Fanning: So you're telling me the guy walks into a phone booth, and shazam, changes into a meat-eater super assassin? What's he do, squeeze them in between fares?

Max: I'm not taking you to see my mother.
Vincent: Since when was any of this negotiable?

Vincent: You're alive. I saved you. Do I get any thanks? No. All you can do is clam up. You wanna talk? Tell me to fuck off?
Max: Fuck off.

Max: Why didn't you just kill me and get another cab driver?
Vincent: Cause you're good. We're in this together. Fates intertwined. Cosmic coincidence.

Max: You're full of shit.
Vincent: I'm full of shit? You're a monument of it. You even bullshitted yourself, all I am is taking out the garbage, killing bad people.
Max: Yeah, well that's what you said.
Vincent: You believed me?
Max: Then what'd they do?
Vincent: How do I know, you know? They all got that 'witness for the prosecution' look to me. Probably some major federal indictment of somebody who majorly does not want to get indicted.

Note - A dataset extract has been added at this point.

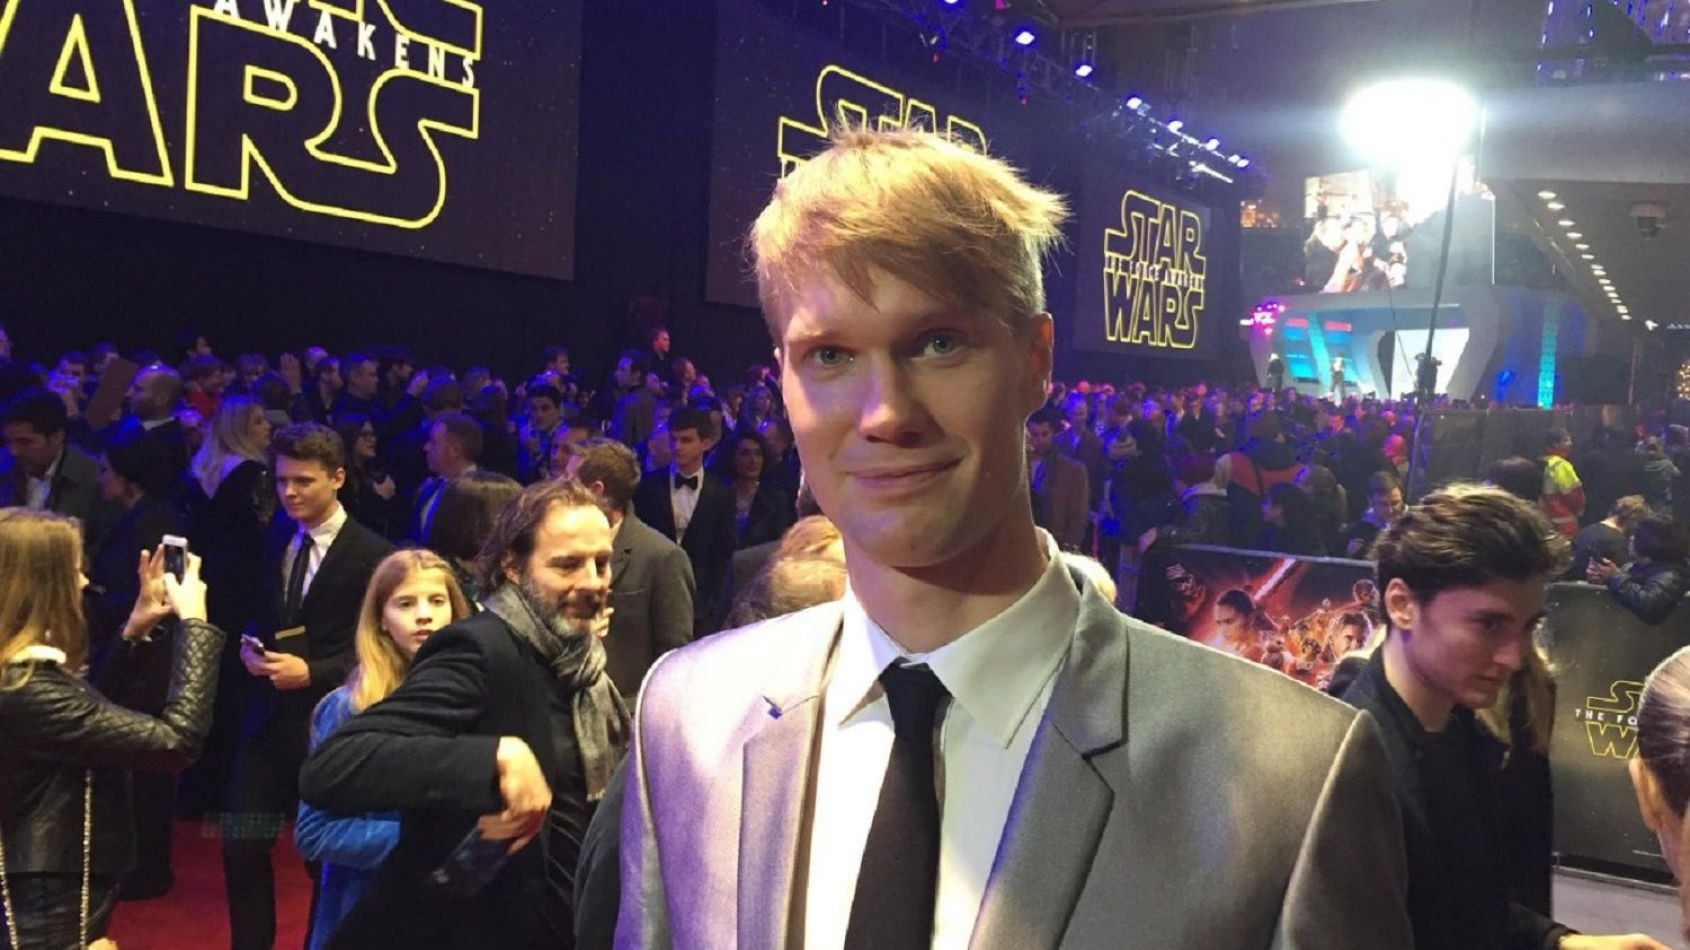 La réaction de Chewbacca (Joonas Suotamo) devant le trailer de Solo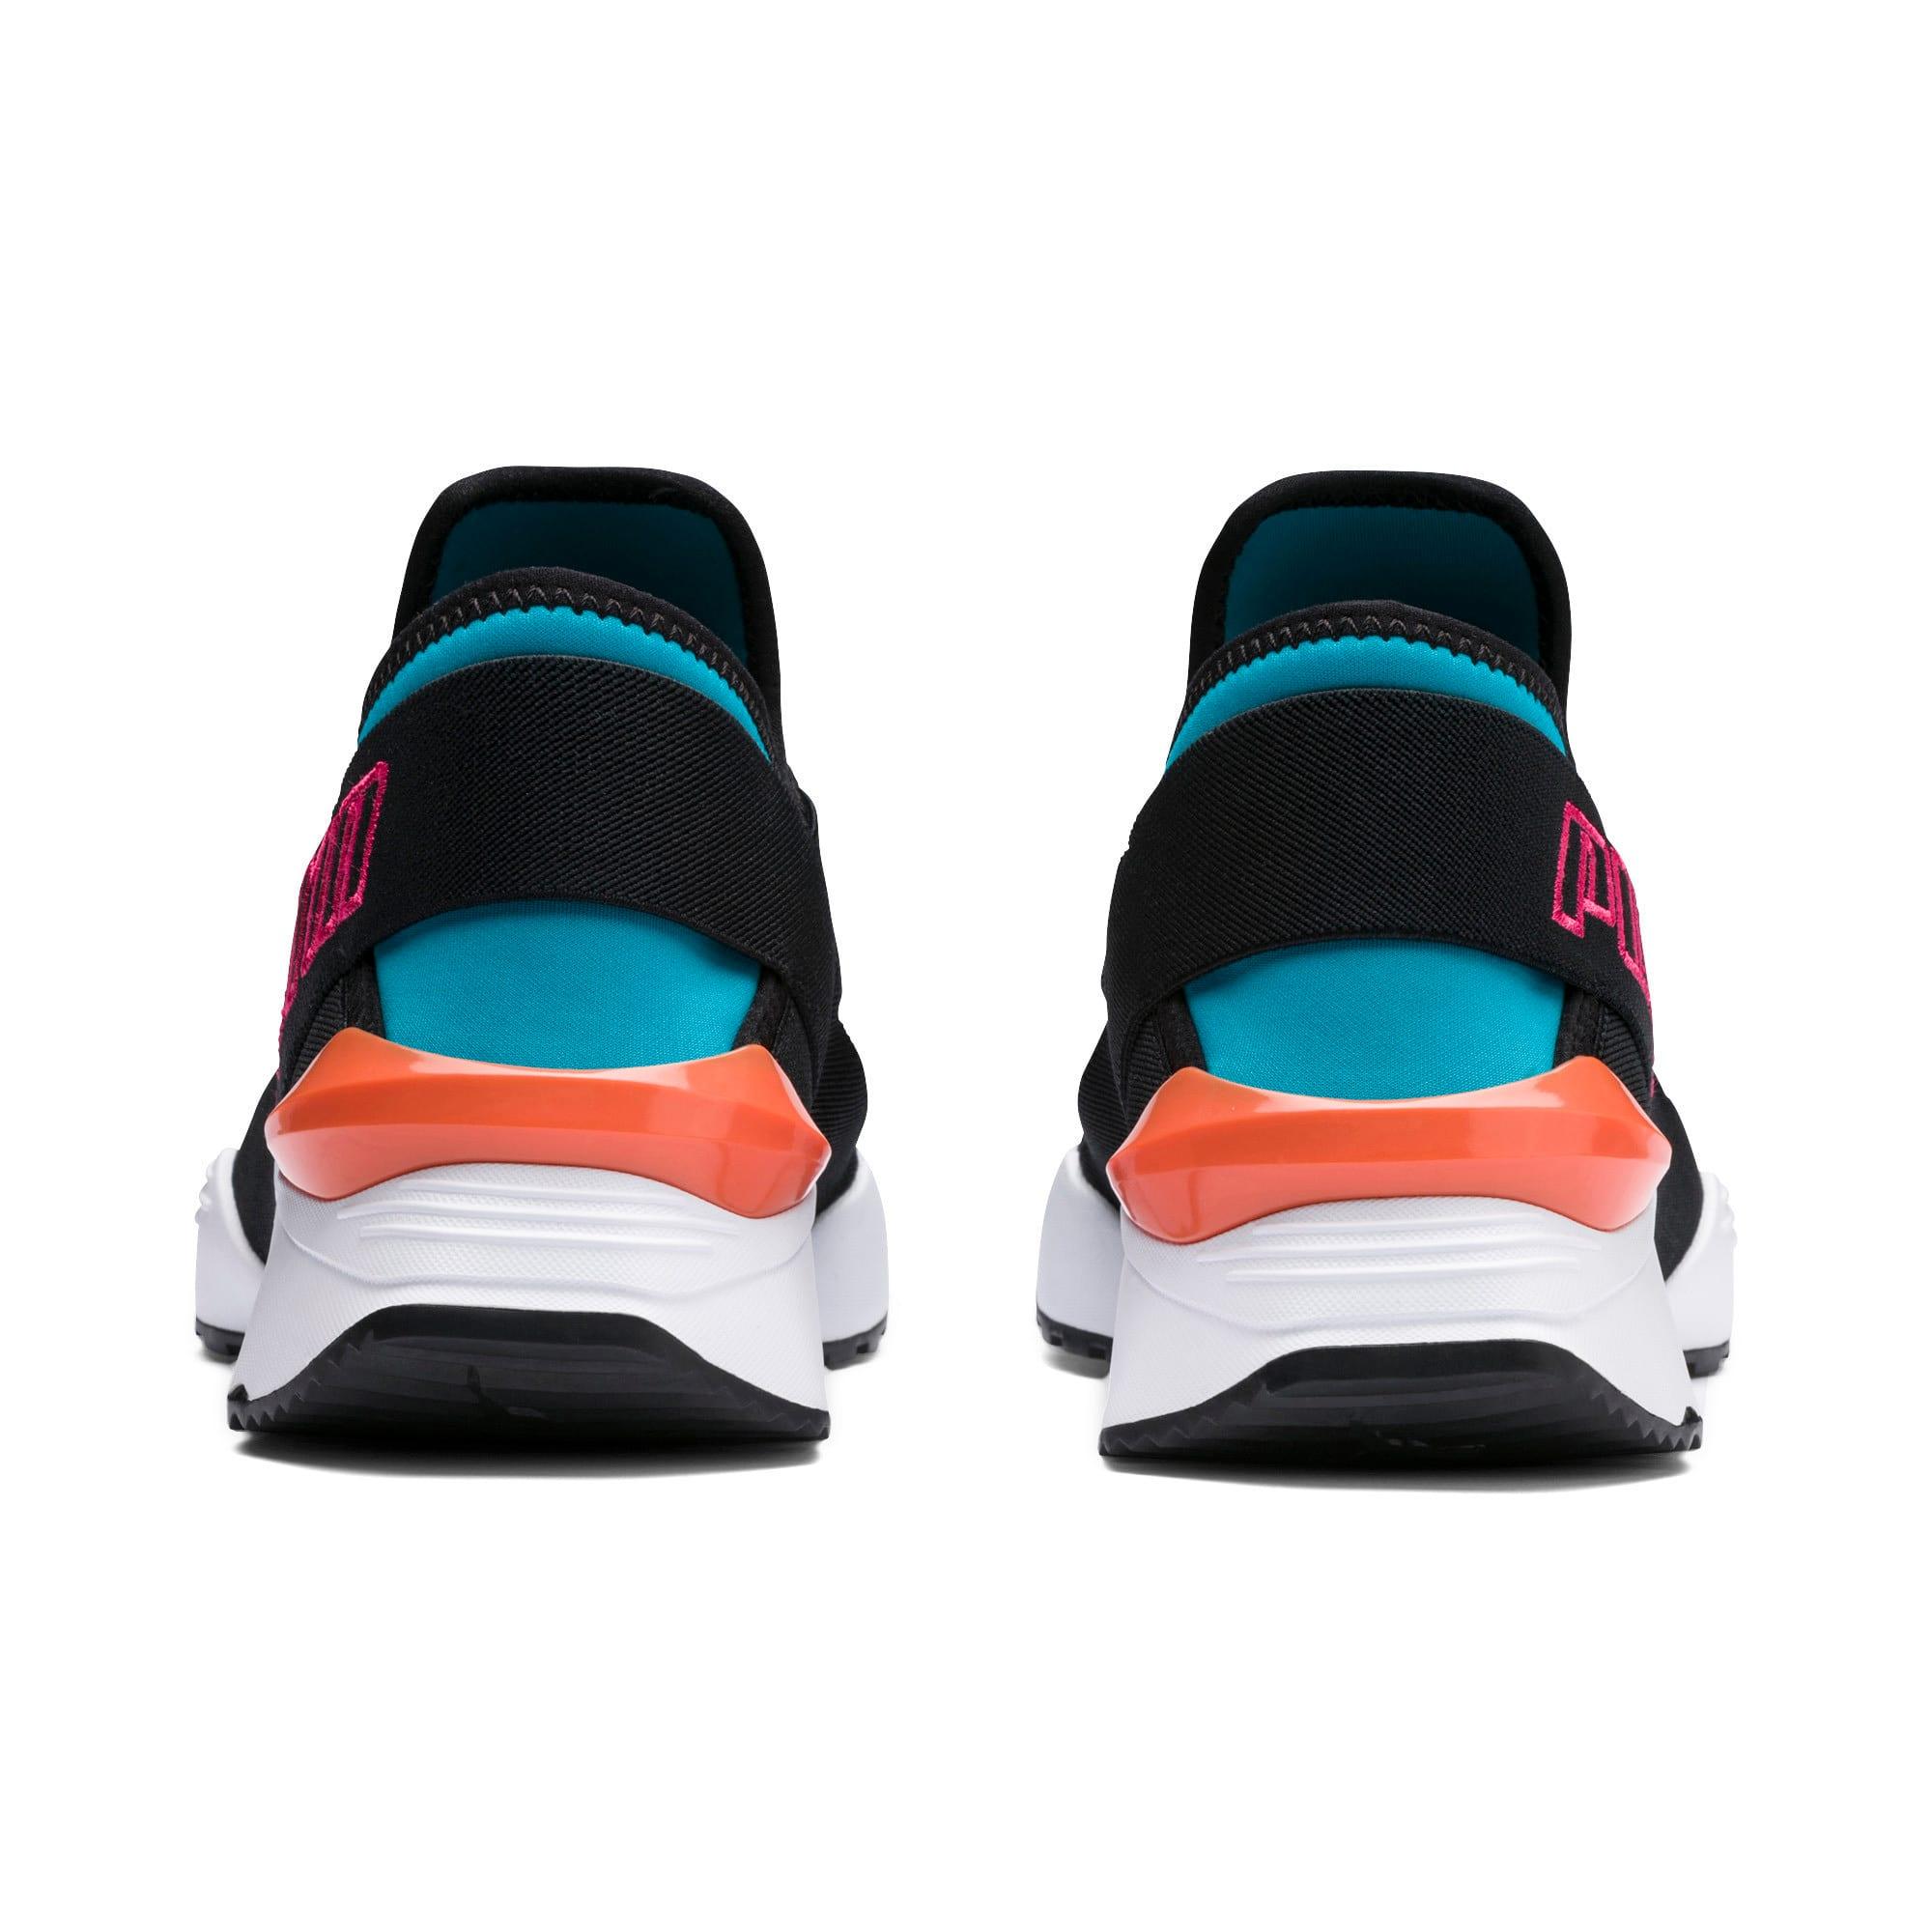 Thumbnail 4 of Muse 2 EOS Trailblazer Women's Sneakers, Caribbean Sea-Puma Black, medium

Vincent: There's no good reason, there's no bad reason to live or to die.
Max: Then what are you?
Vincent: I'm indifferent.

Max: What's with you?
Vincent: As in?
Max: As in, if somebody had a gun to your head and said: "You gotta tell me what's going on with this person over here or I'm gonna kill you. What is driving him? What was he thinking?" You know, you couldn't do it, could you, because... They would have to kill your ass because you don't know what anyone else is thinking. I think you're low, my brother. Way low. Like, what were you? One of those institutionalized raised guys? Anybody home? And standard– And the s– standard parts that are supposed to be there in people, in you... aren't. ...And why haven't you killed me yet?
Vincent: Of all the cabbies in L.A. I get Max: Sigmund Freud meets Dr. Ruth.

Vincent: [Visiting Ida] Flowers?
Max: It's a waste of money. Won't mean a thing to her.
Vincent: [Staring him down] She carried you in her womb for nine months. People buy flowers. Buy flowers.

Max: I brought you flowers.
Ida: What'm I do with flowers?
Max: Cheer up.
Ida: How? By worrying that you spend money on stuff that's just gon' wilt and die?
Max: [to Vincent] See what I mean? I didn't buy you flowers, Mom. He did.

Daniel: Just when I thought you were a cool guy.
Vincent: I am a cool guy, with a job I contracted to do.